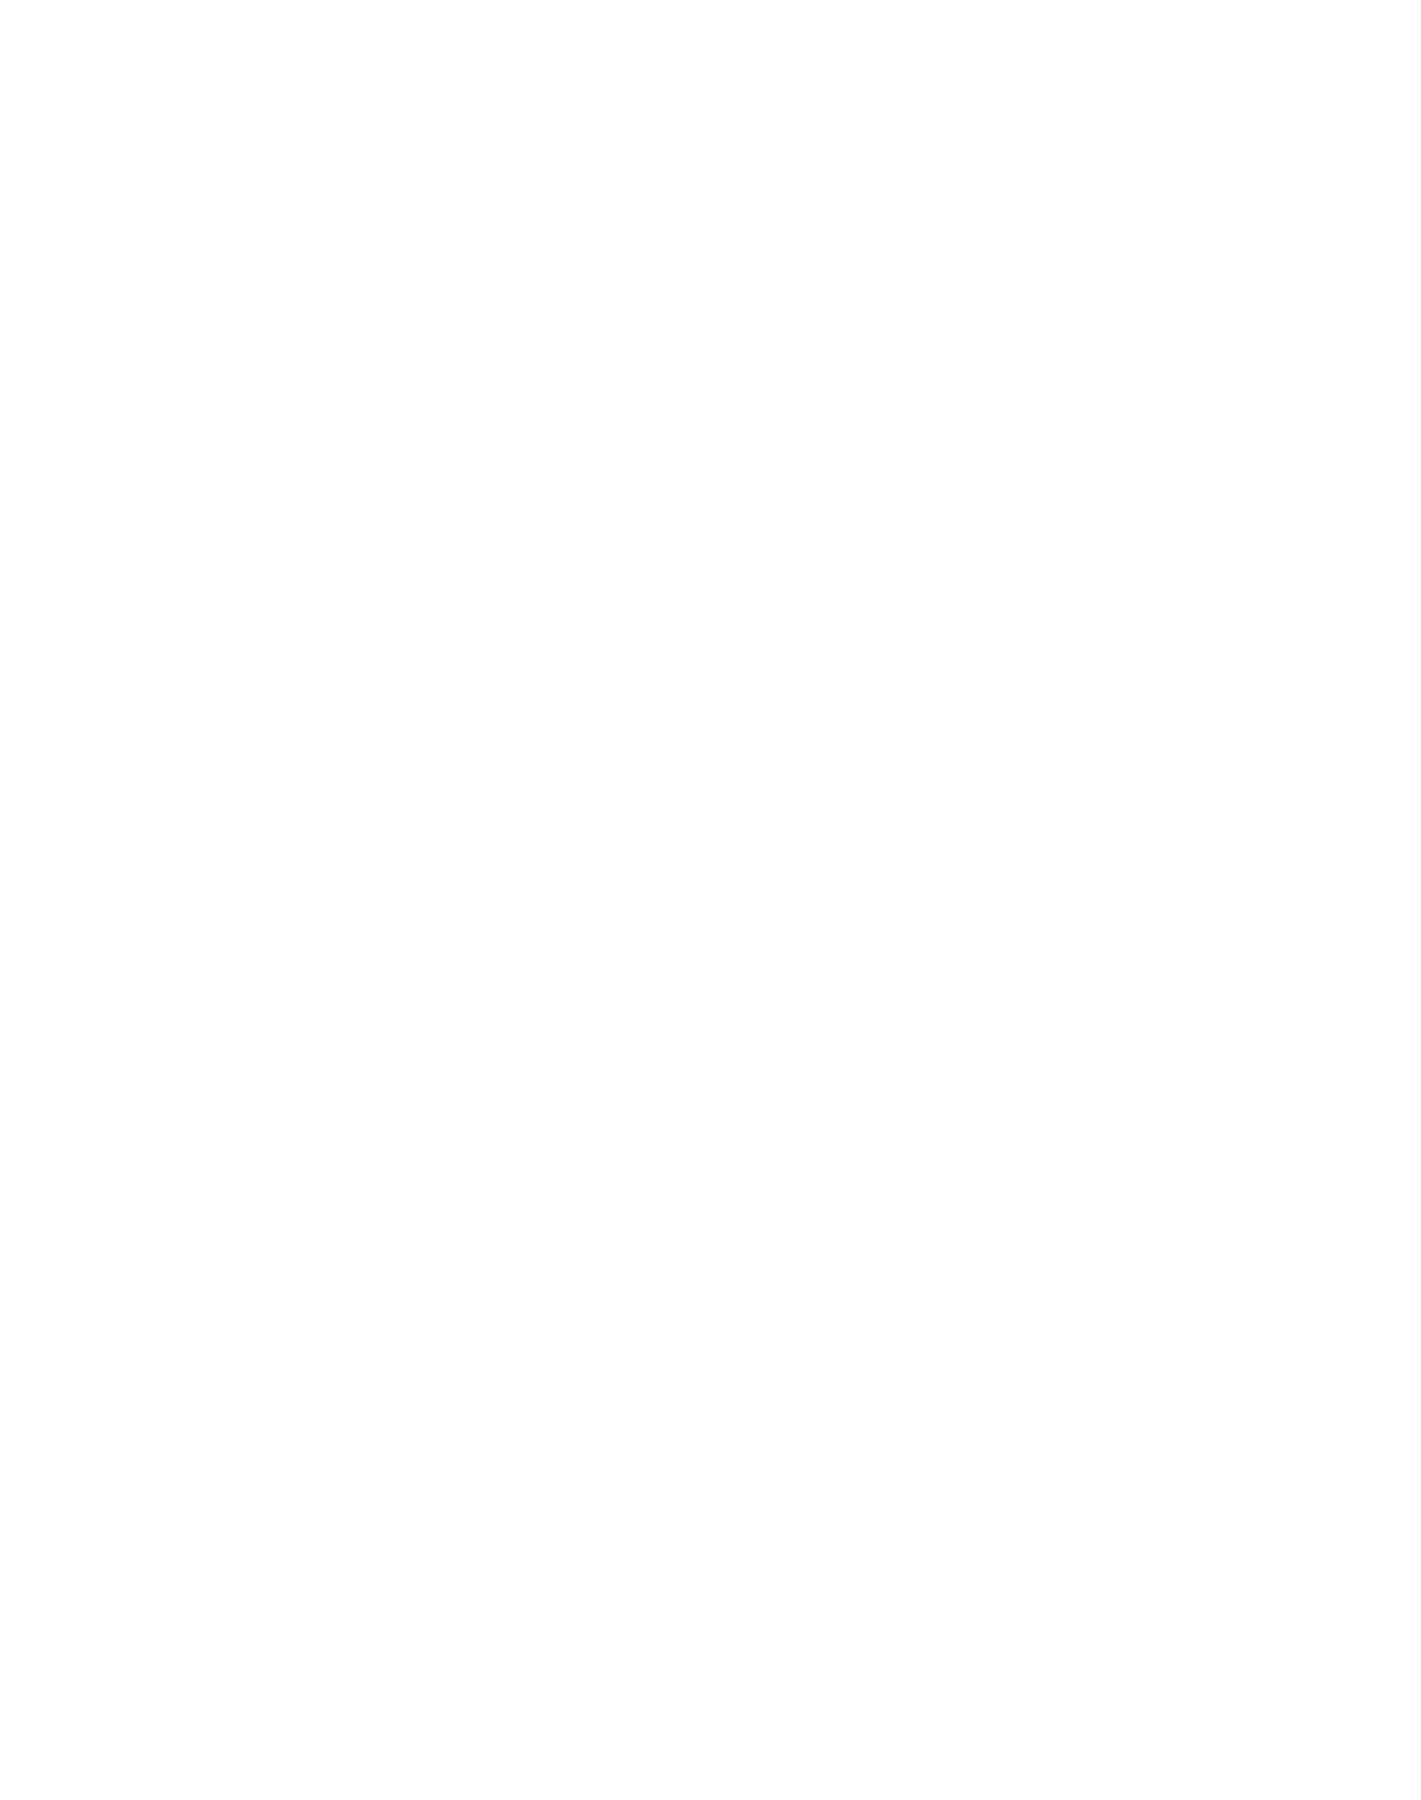 Burnaby Rotary logo
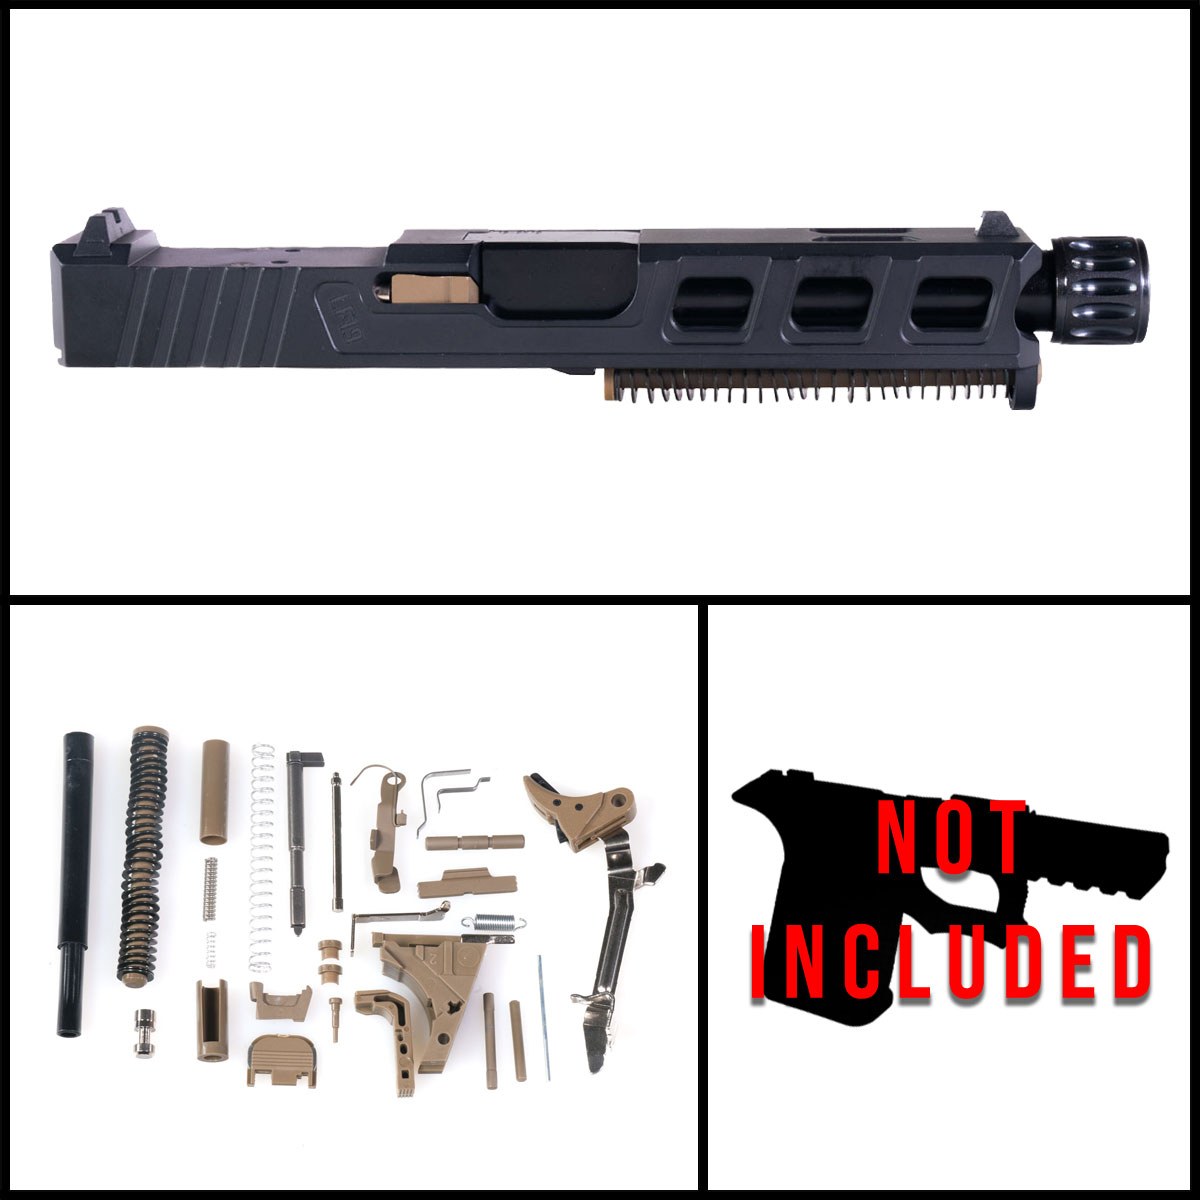 DDS 'Mud Flap' 9mm Full Pistol Build Kit (Everything Minus Frame) - Glock 19 Gen 1-3 Compatible
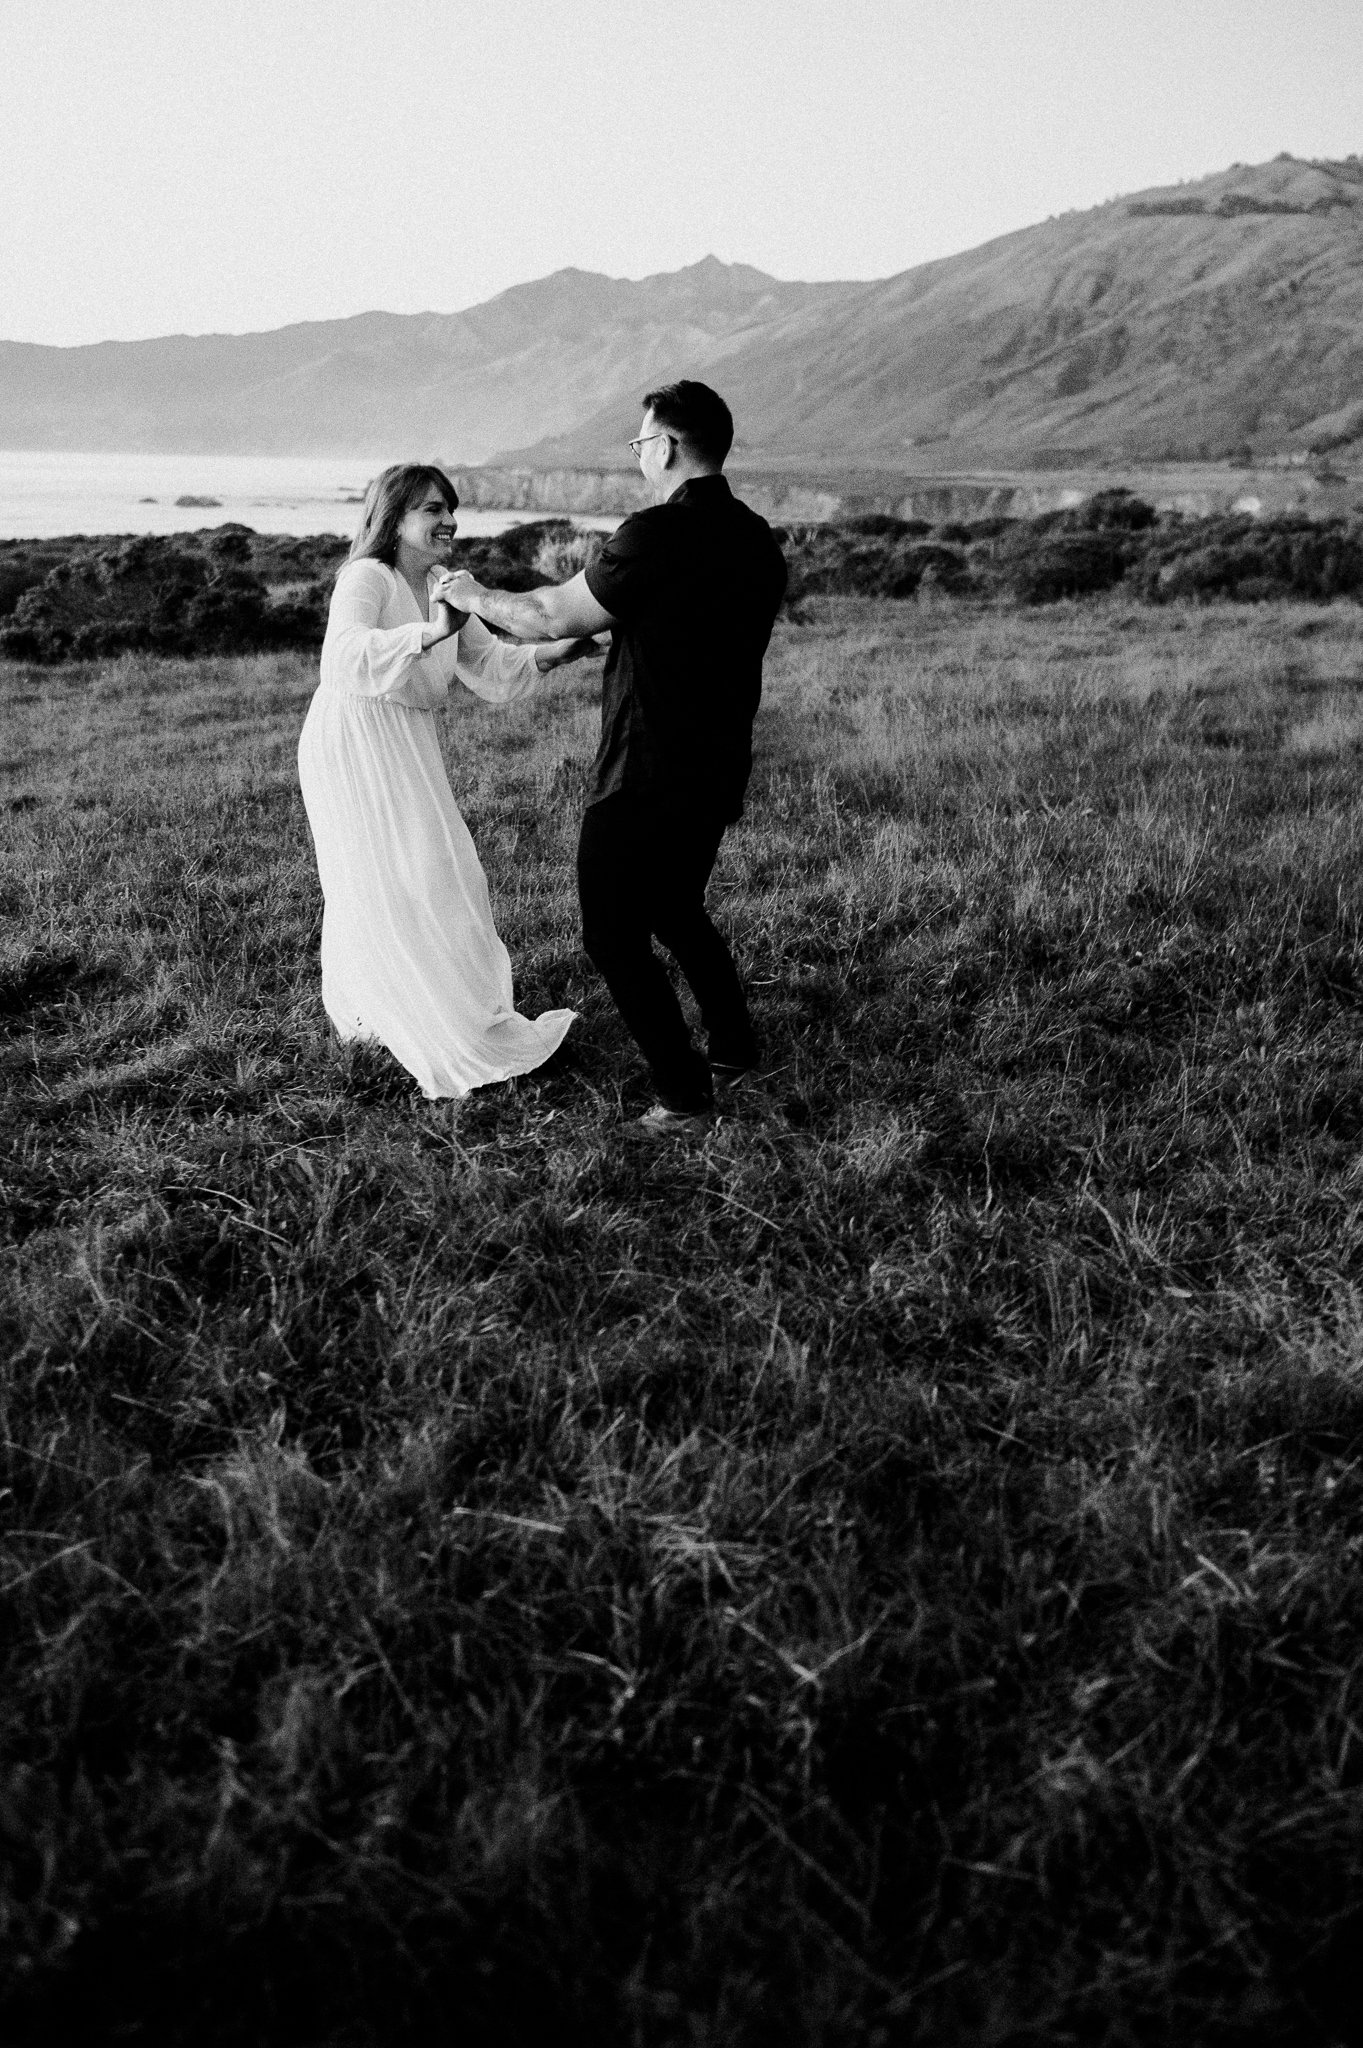 Couple-dancing-in-Meadow-Big-Sur-adventure-photography

### WHAT IS EXPECTED
Although the material contains pictures, only the lines are to be written out, exactly as they stand.

### OUTPUT FOR THIS EXERCISE
 Burnaby Rotary logo
 DDS 'Mud Flap' 9mm Full Pistol Build Kit (Everything Minus Frame) - Glock 19 Gen 1-3 Compatible
 Couple-dancing-in-Meadow-Big-Sur-adventure-photography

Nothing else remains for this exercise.